Set up SignTool to use Trusted Signing

This section explains how to set up SignTool to use with Trusted Signing.

Prerequisites

To complete the steps in this article, you need:

• A Trusted Signing account, identity validation, and certificate profile.
• Individual or group assignment of the Trusted Signing Certificate Profile Signer role.
• Windows 10 Version 1809/October 2018 Update or newer, Windows 11 (all versions), or Windows Server 2016 or newer

Trusted Signing Client Tools Installer

Trusted Signing Client Tools for SignTool.exe is a library plugin that requires the following components:

1. Windows SDK SignTool.exe (minimum version: 10.0.2261.755)
2. .NET 8 Runtime
3. Microsoft Visual C++ Redistributable
4. Trusted Signing Client Dlib

To simplify this setup there is a MSI installer package that is available for download along with a Setup.exe.

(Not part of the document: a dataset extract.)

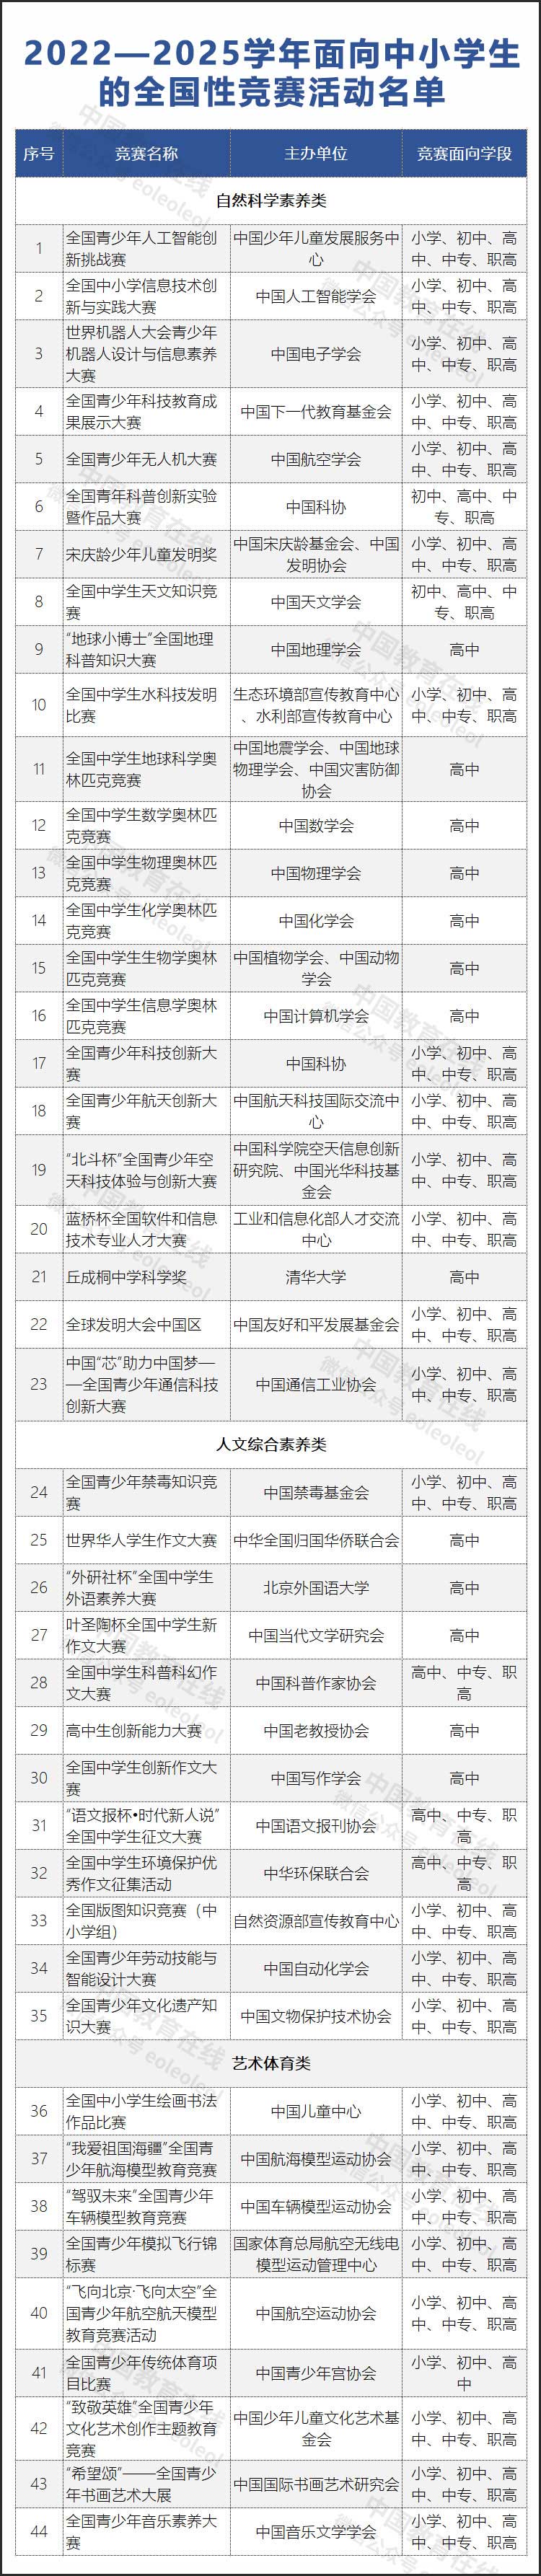 教育部：“叶圣陶杯”华人青少年作文大赛等均为违规竞赛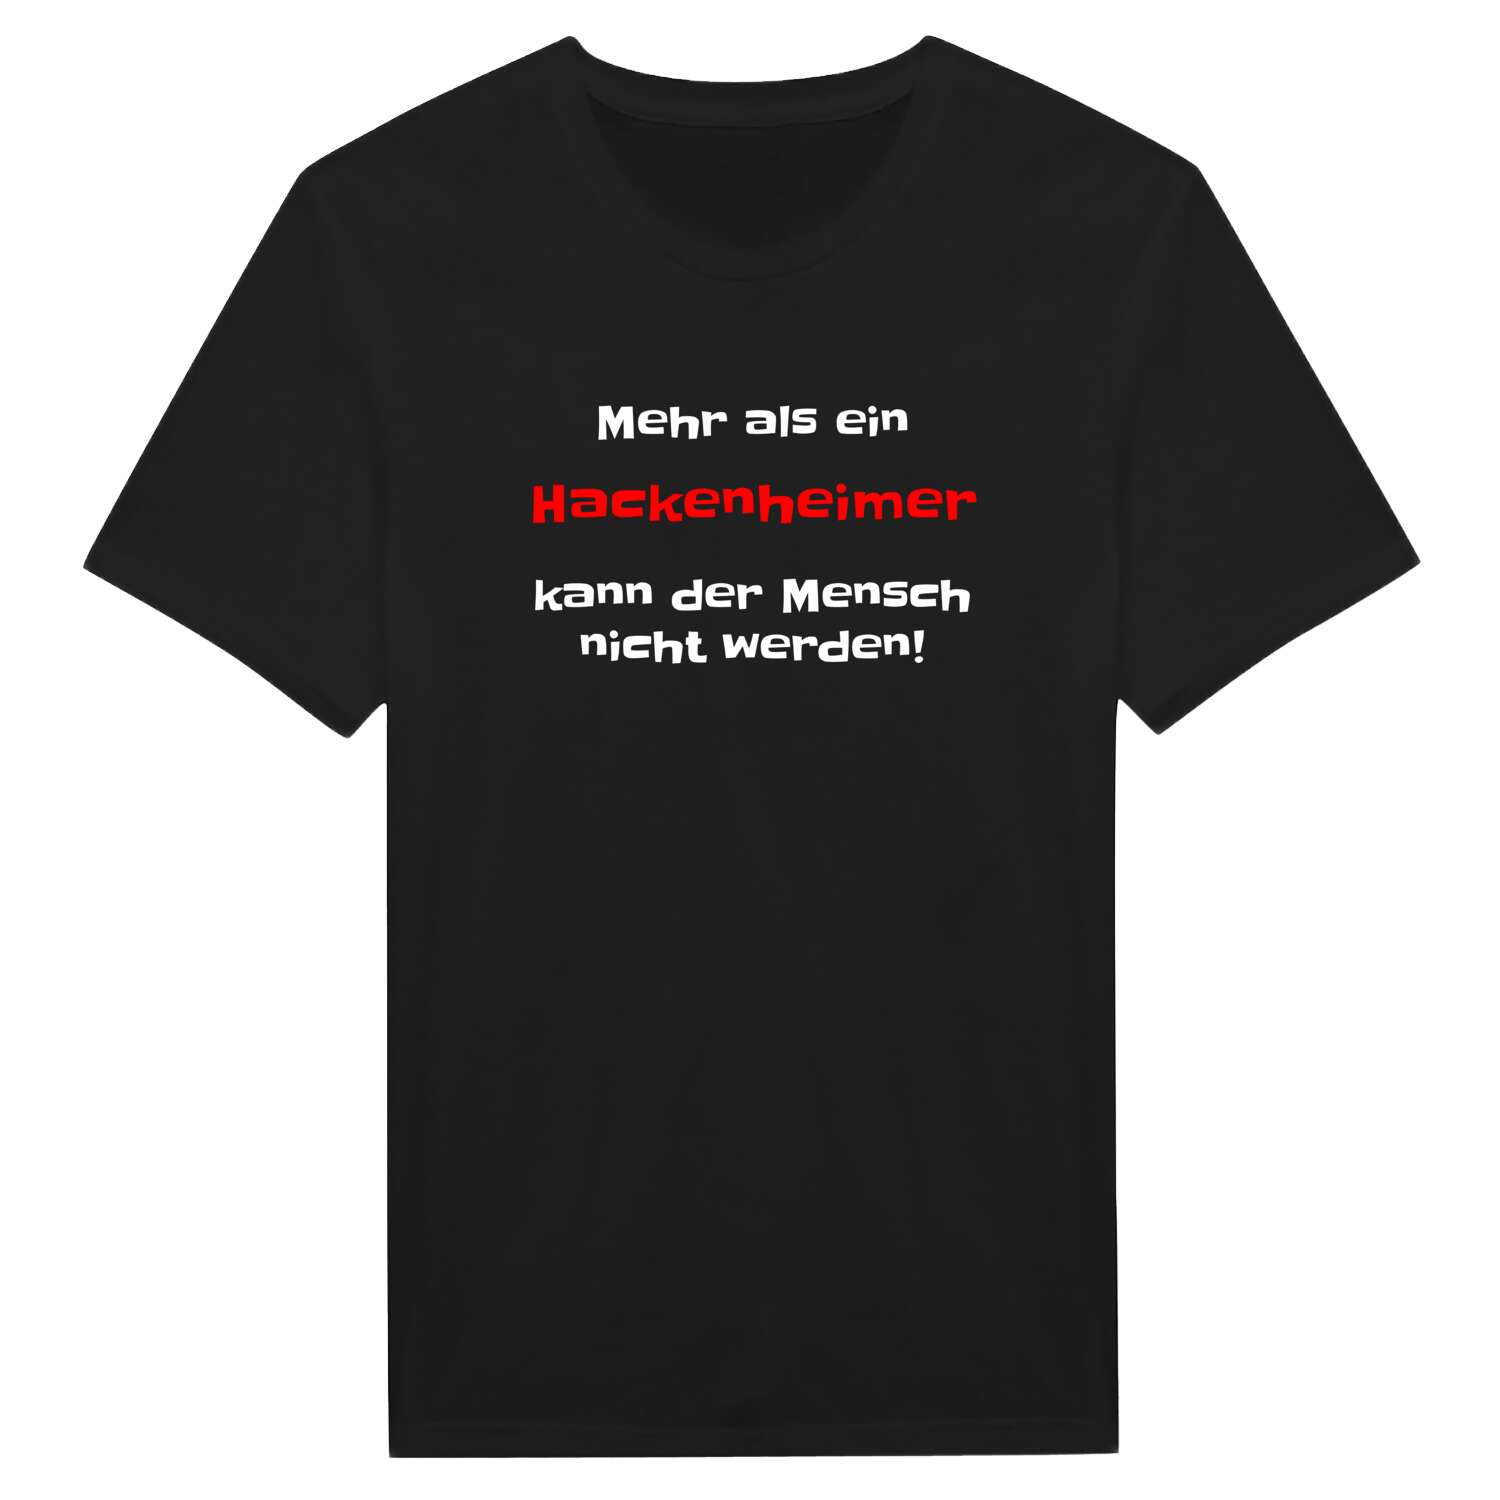 Hackenheim T-Shirt »Mehr als ein«

Trusted Signing Client Tools MSI Download

Trusted Signing Client Tools Setup.exe Download

Installing from the Windows Package Manager

The Trusted Signing Client Tools installer is available on the Windows Package Manager (WinGet).

Note

winget is available by default in Windows 11 and modern versions of Windows 10. However, it may not be installed in older versions of Windows. See the winget documentation for installation instructions.

winget install -e --id Microsoft.Azure.TrustedSigningClientTools

The -e option is to ensure the official Trusted Signing Client Tools package is installed. This command installs the latest version by default. To specify a version, add a -v <version> with your desired version to the command.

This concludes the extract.